Records provided:
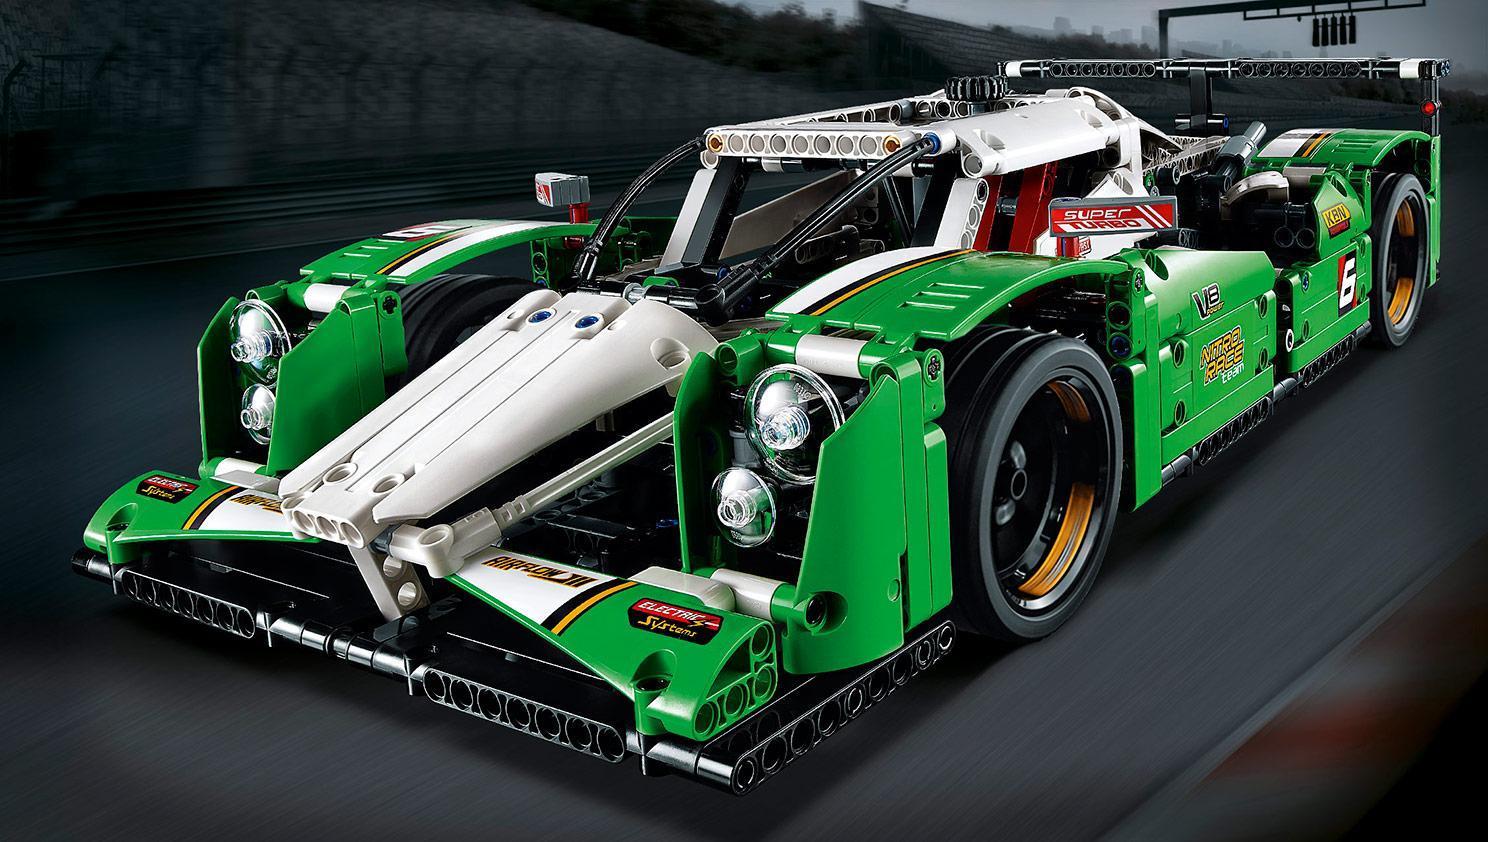 lego 42039 technic 24 hours race car multi coloured. Black Bedroom Furniture Sets. Home Design Ideas
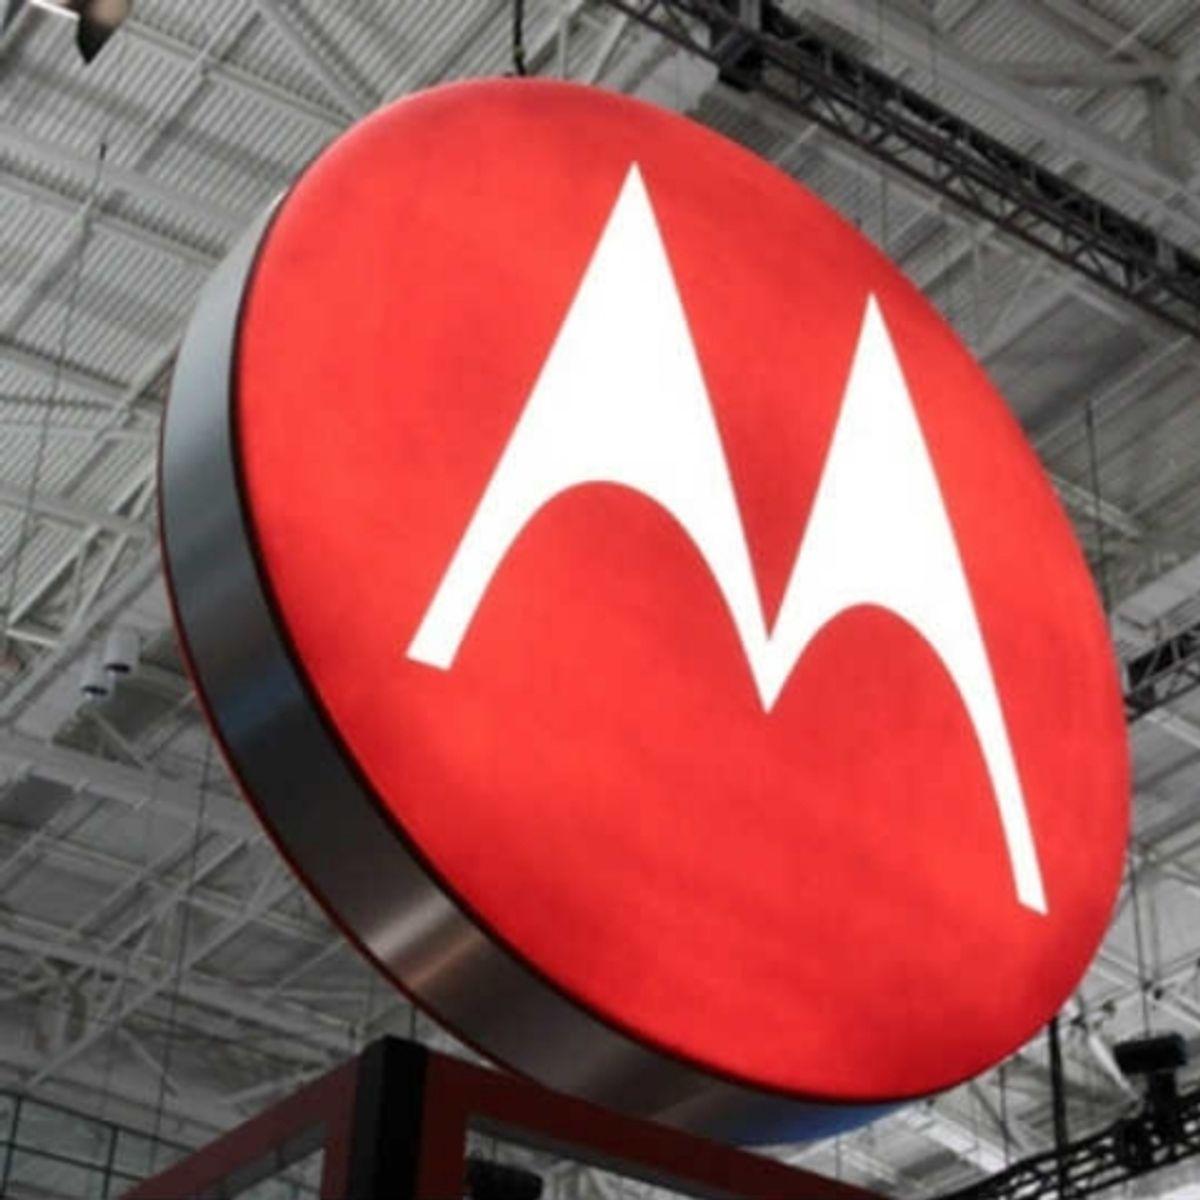 Motorola G7 Power might feature 5000mAh battery, run on
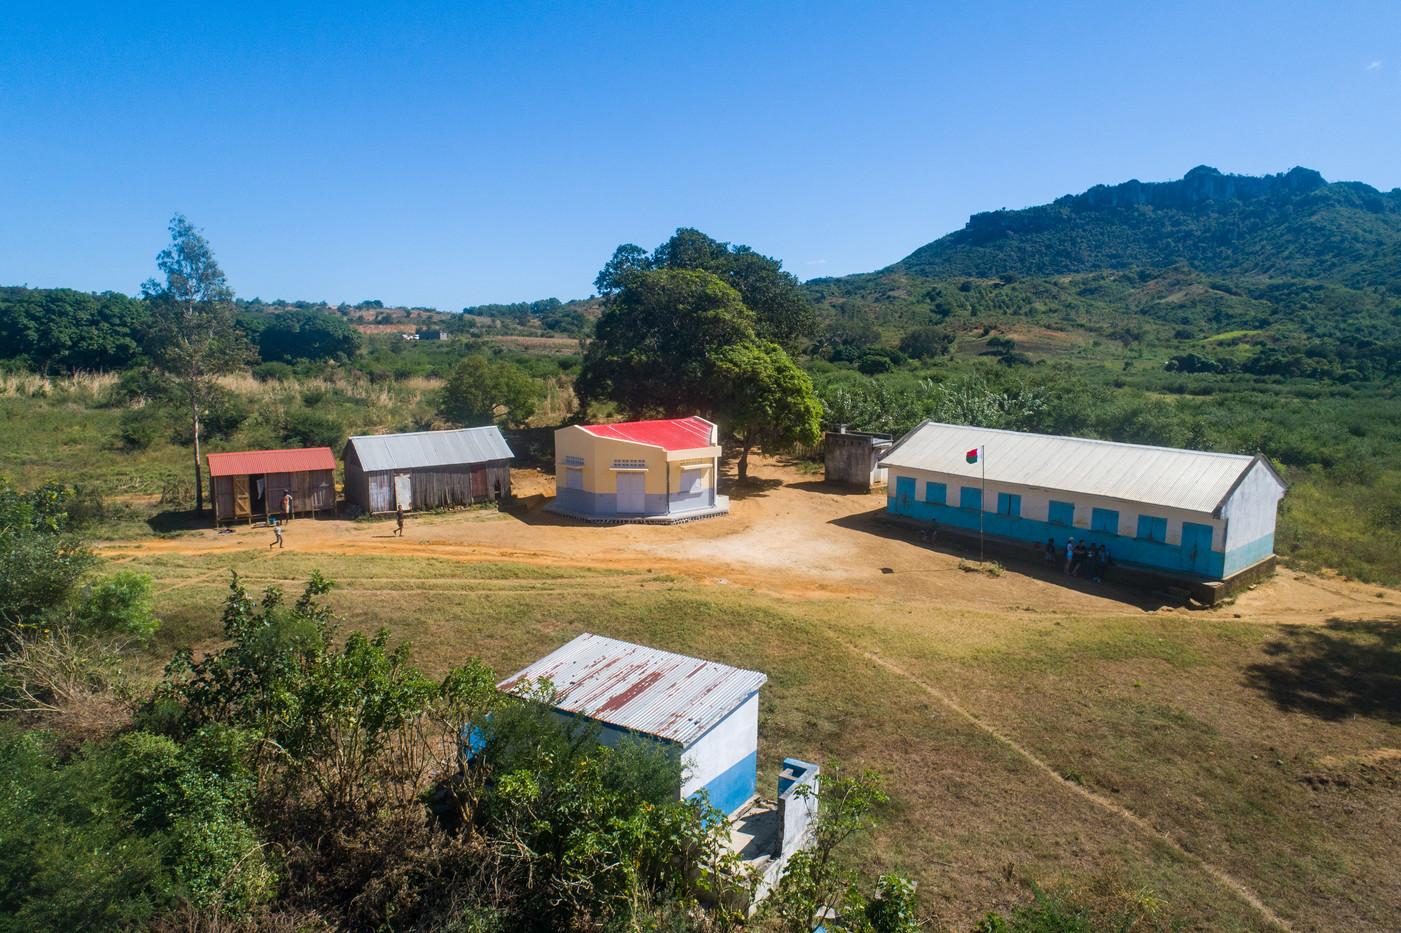 The school complex
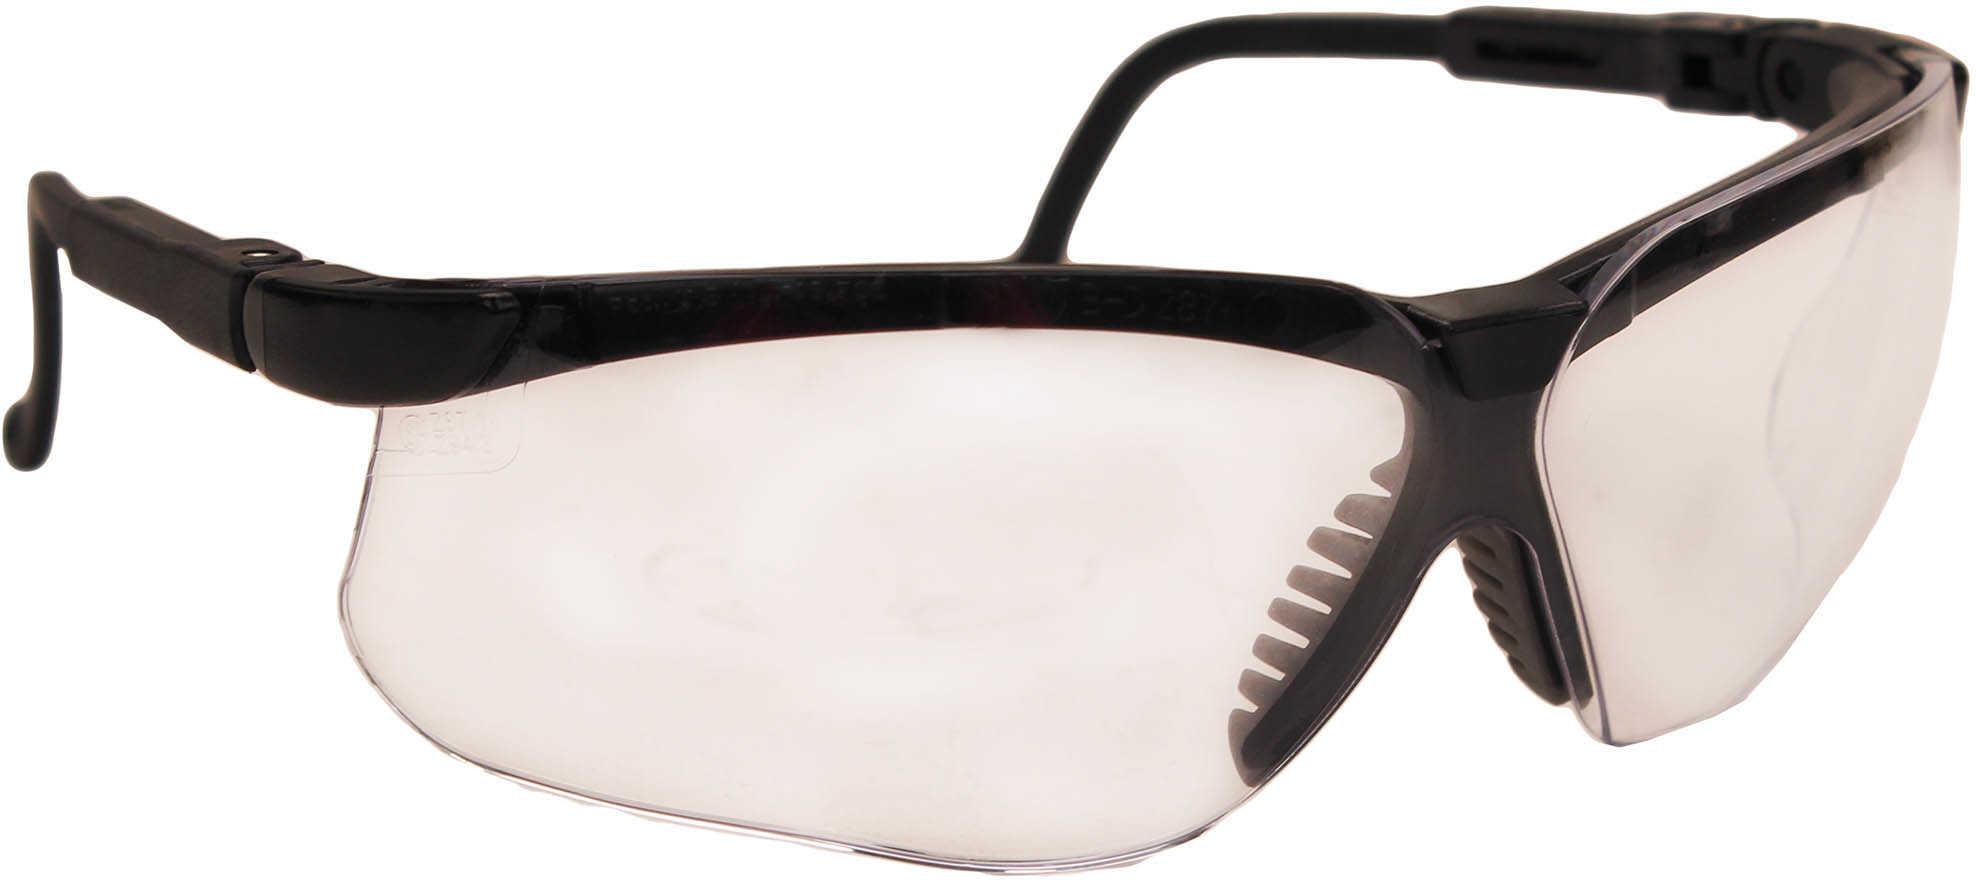 Howard Leight Industries Uvex Genesis Black Frame - Clear Lens Impact resistant polycarbonate lens block 99.9% UVA & UVB - So R03570
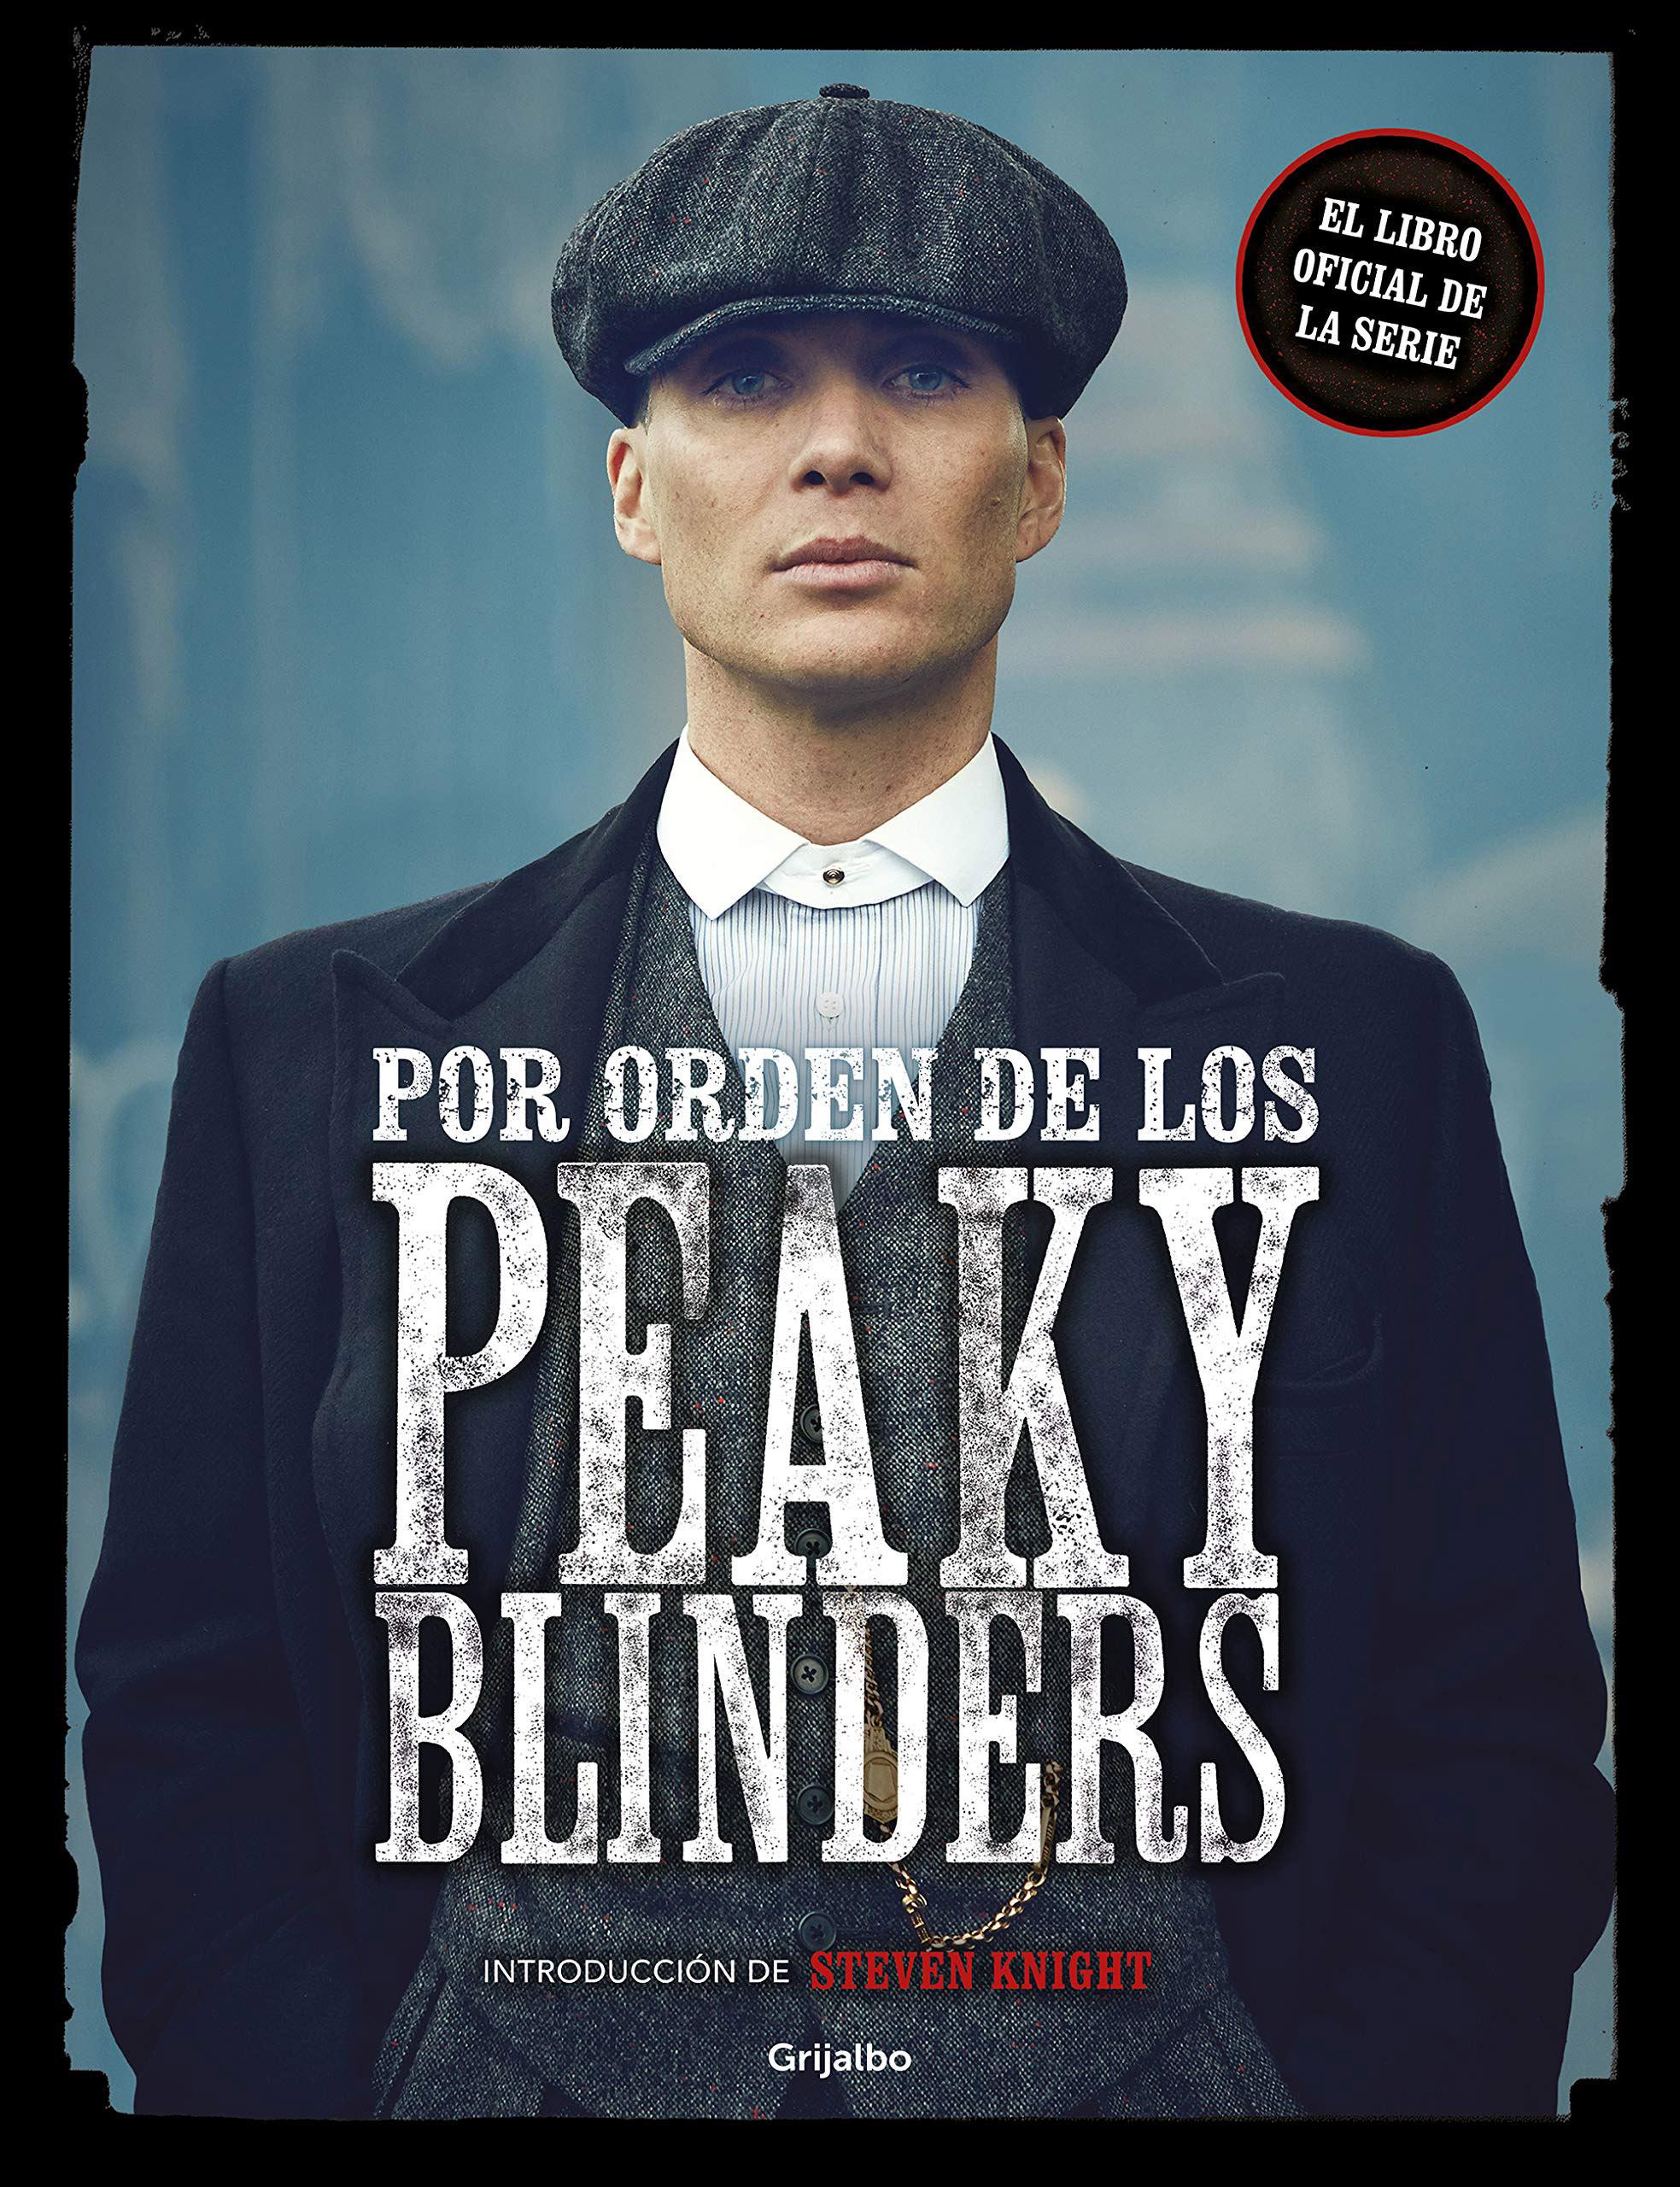 Por orden de los Peaky Blinders (Matt Allen, 2019)

Problem to solve: Leaving the pictures out, transcribe the entries above exactly as written.

Answer space:
 lego 42039 technic 24 hours race car multi coloured. Black Bedroom Furniture Sets. Home Design Ideas
 Motorola G7 Power might feature 5000mAh battery, run on
 The school complex
 Howard Leight Industries Uvex Genesis Black Frame - Clear Lens Impact resistant polycarbonate lens block 99.9% UVA & UVB - So R03570
 Por orden de los Peaky Blinders (Matt Allen, 2019)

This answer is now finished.